DIRECTIONS | Repeat the records below word for word and omit each image.

GIVEN DATA |
* * *
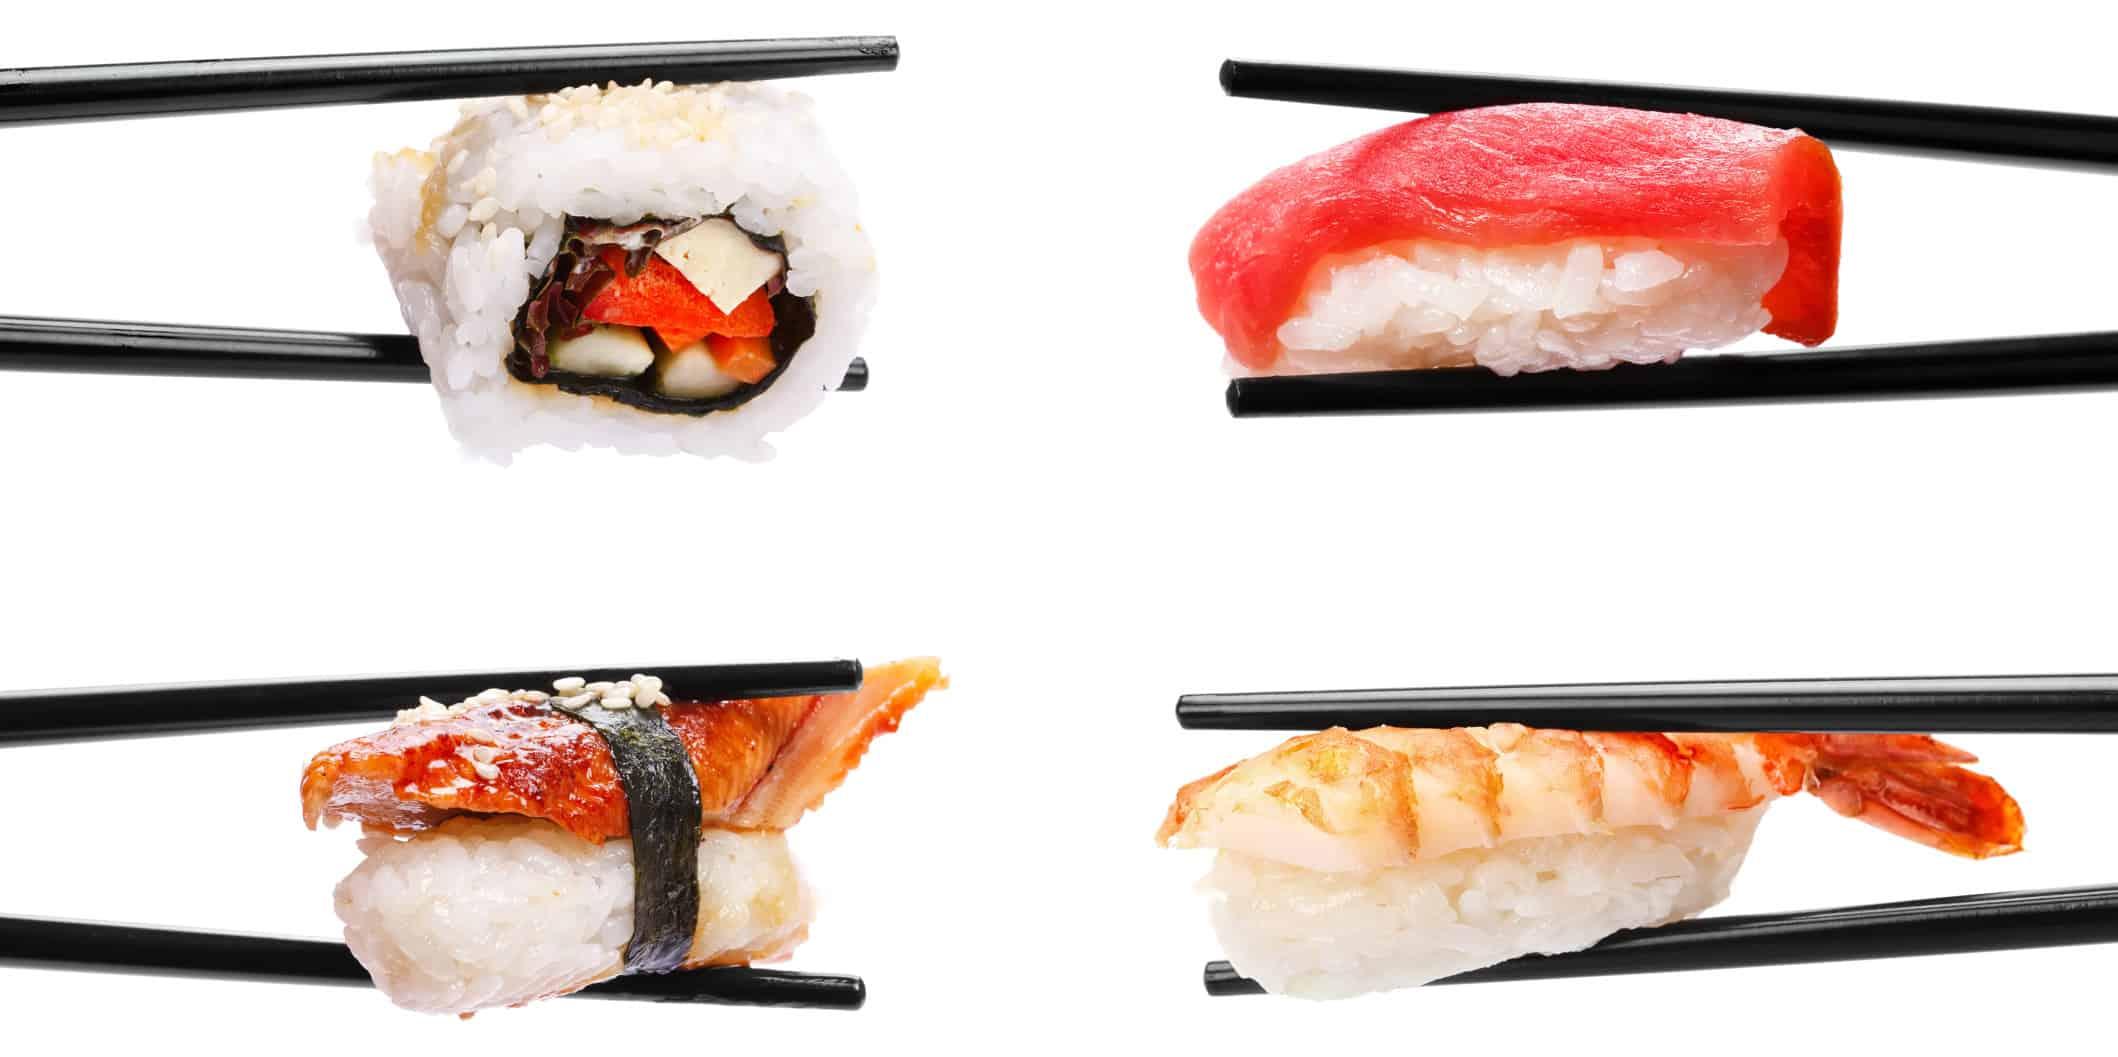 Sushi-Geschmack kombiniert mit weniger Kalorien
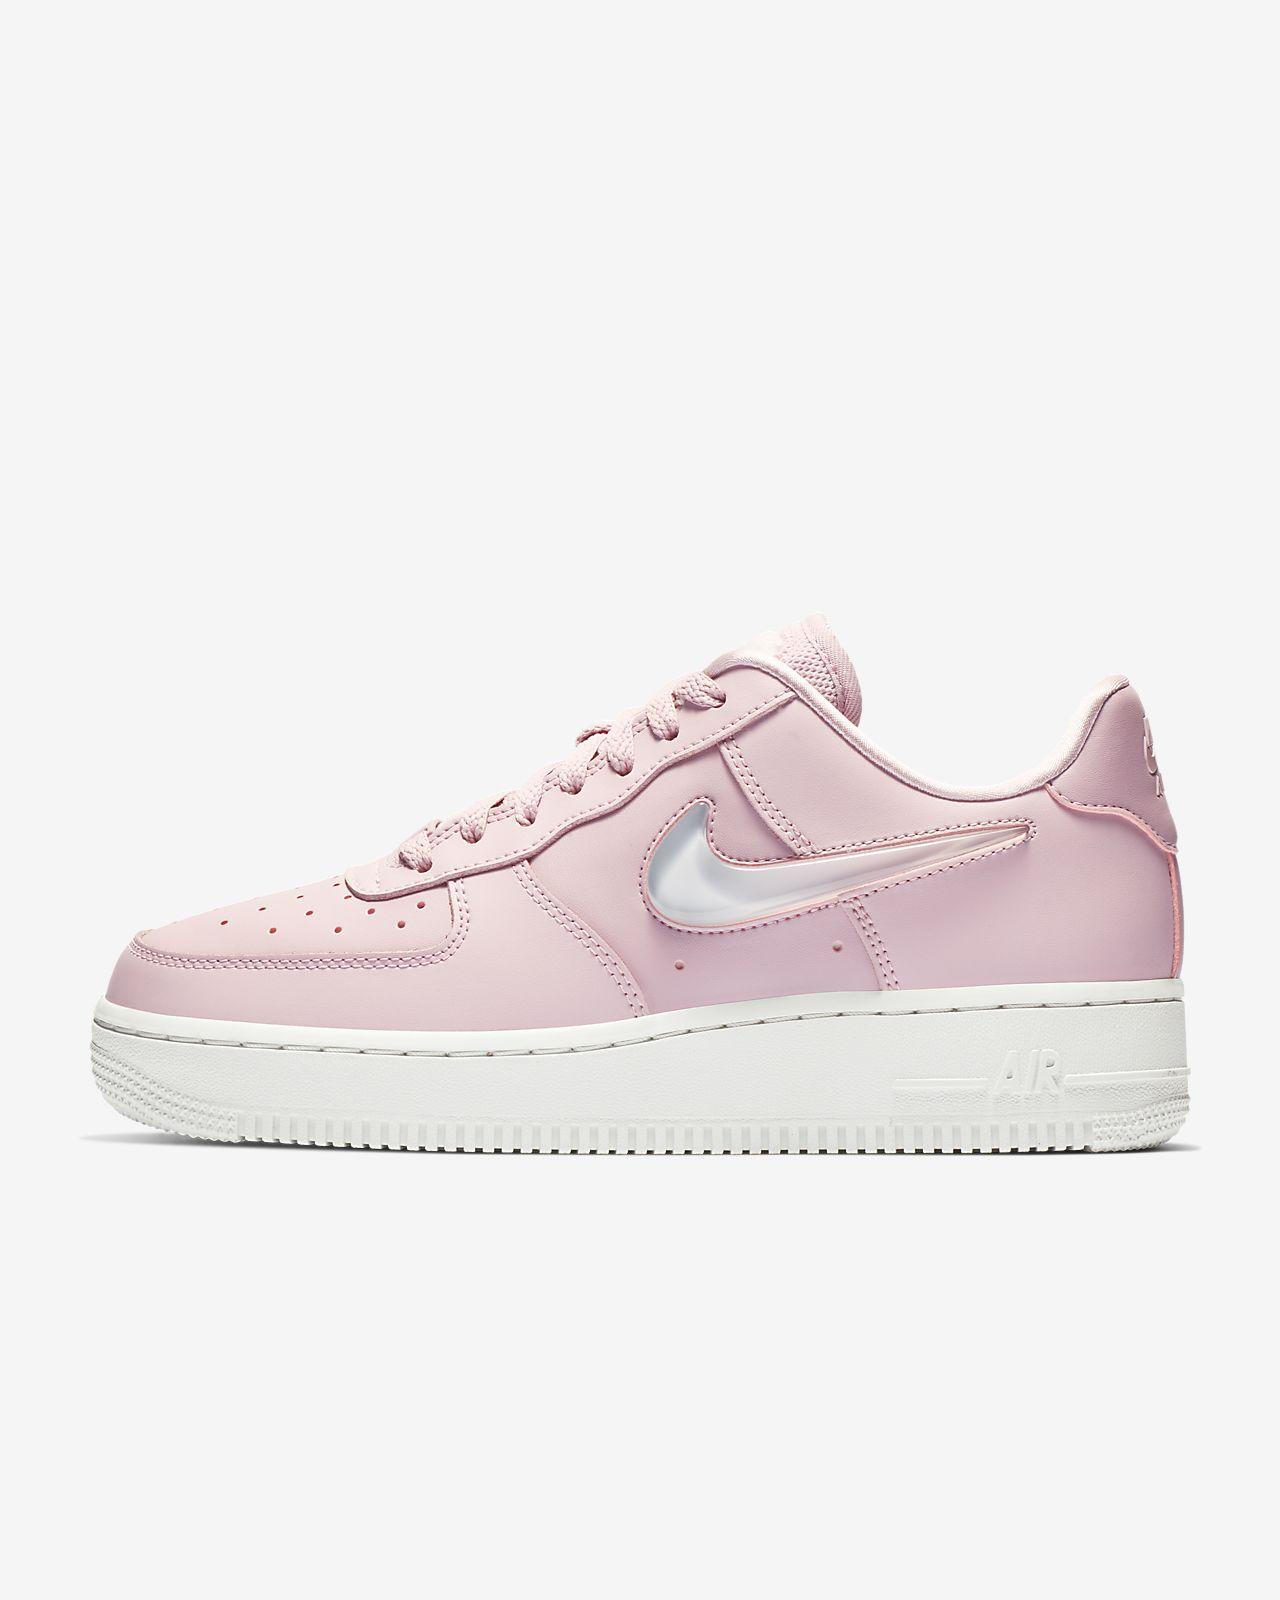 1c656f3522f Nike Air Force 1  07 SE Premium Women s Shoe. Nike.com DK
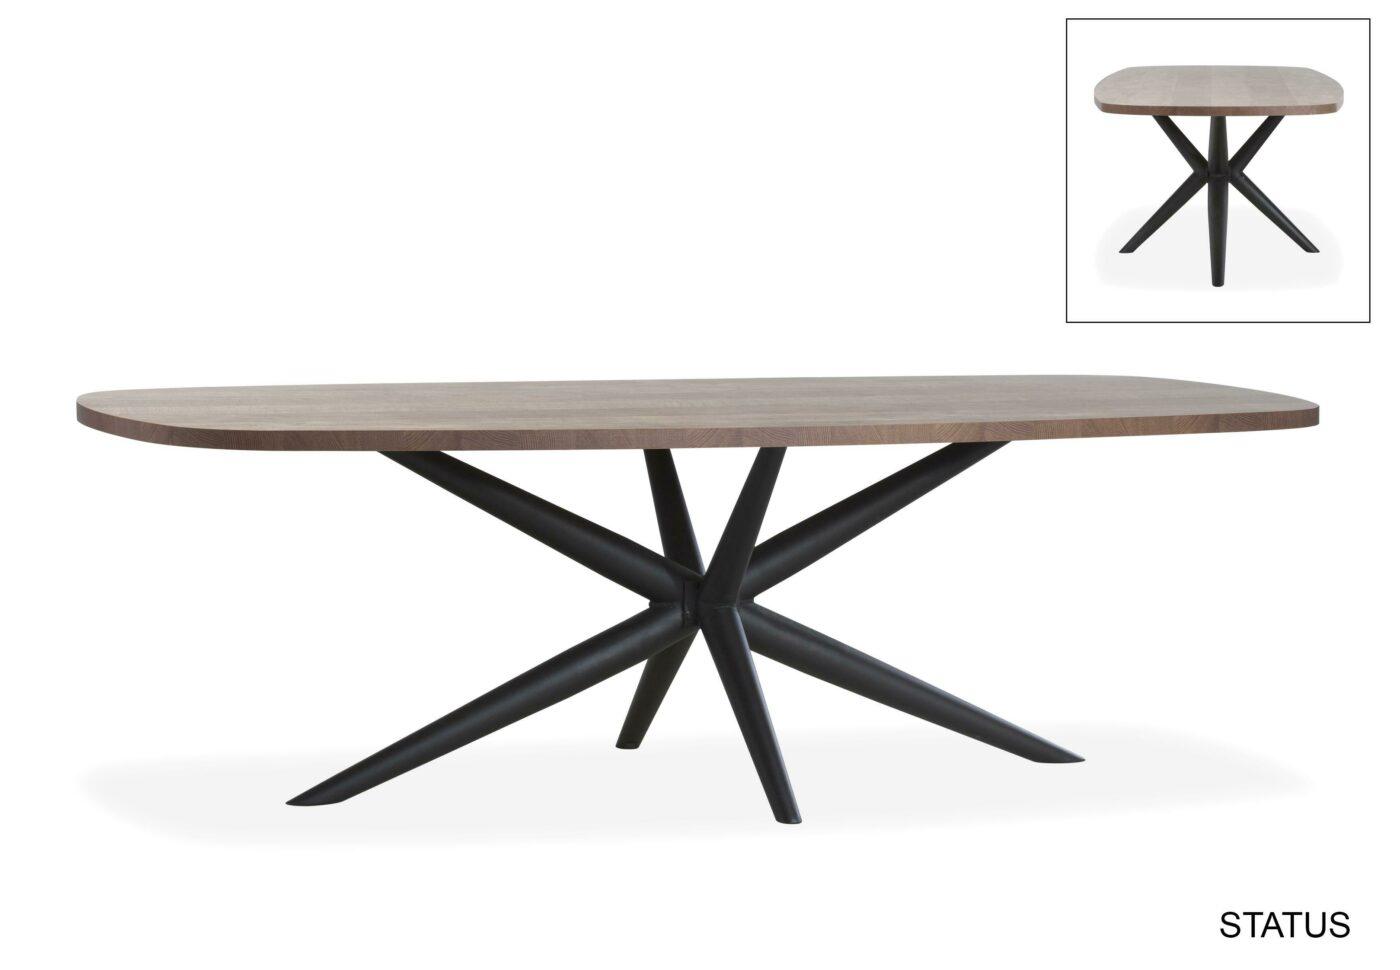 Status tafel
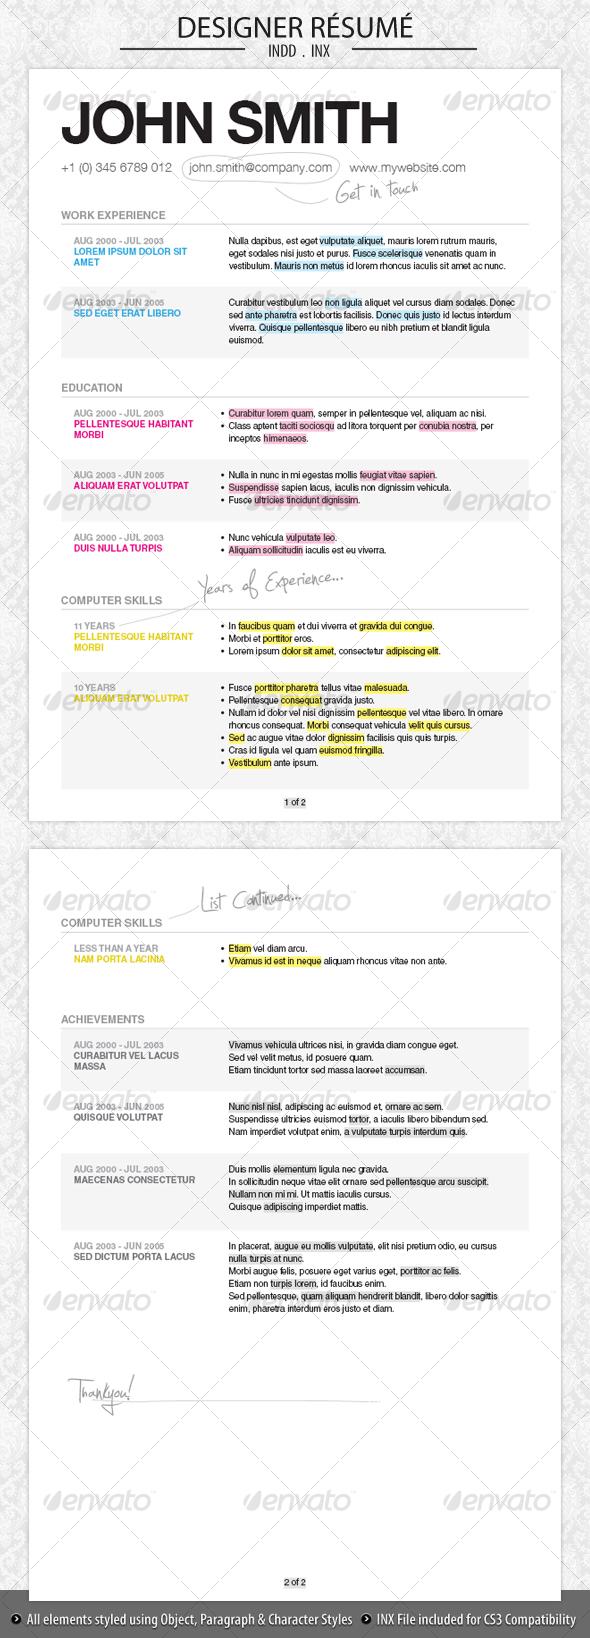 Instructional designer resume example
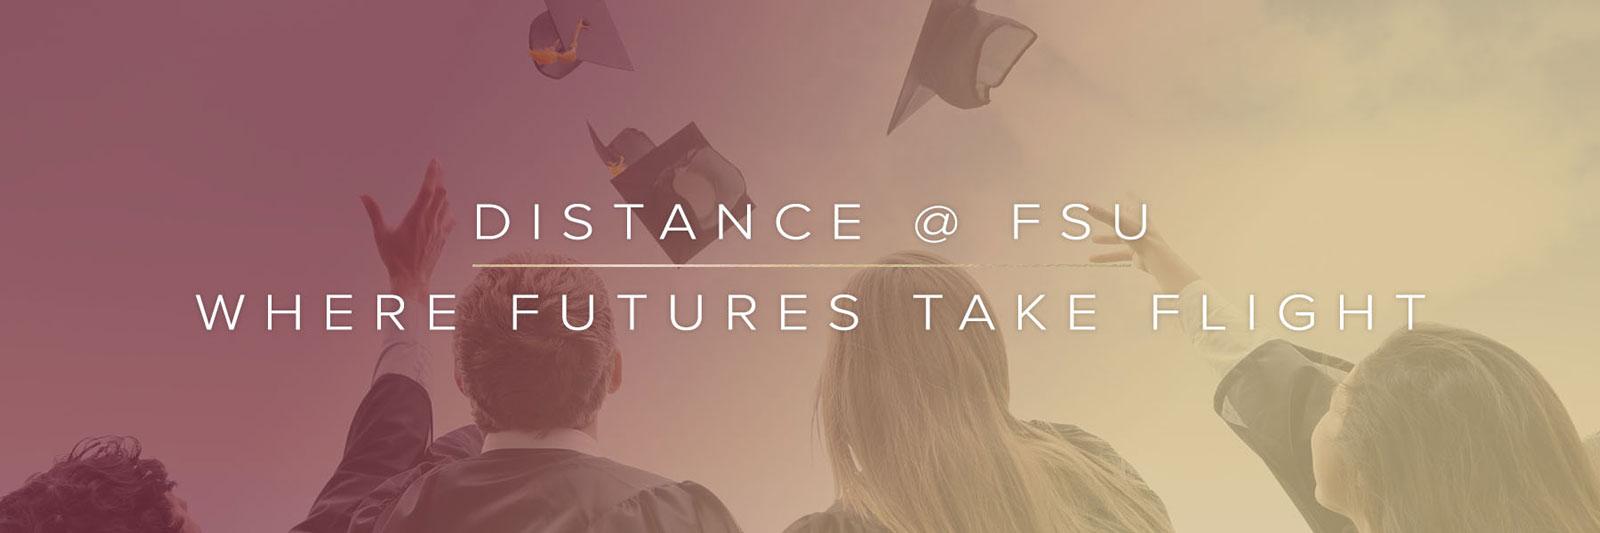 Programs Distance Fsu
* * *
TASK SOLUTION |
 Sushi-Geschmack kombiniert mit weniger Kalorien
 1c656f3522f Nike Air Force 1  07 SE Premium Women s Shoe. Nike.com DK
 Status tafel
 Instructional designer resume example
 Programs Distance Fsu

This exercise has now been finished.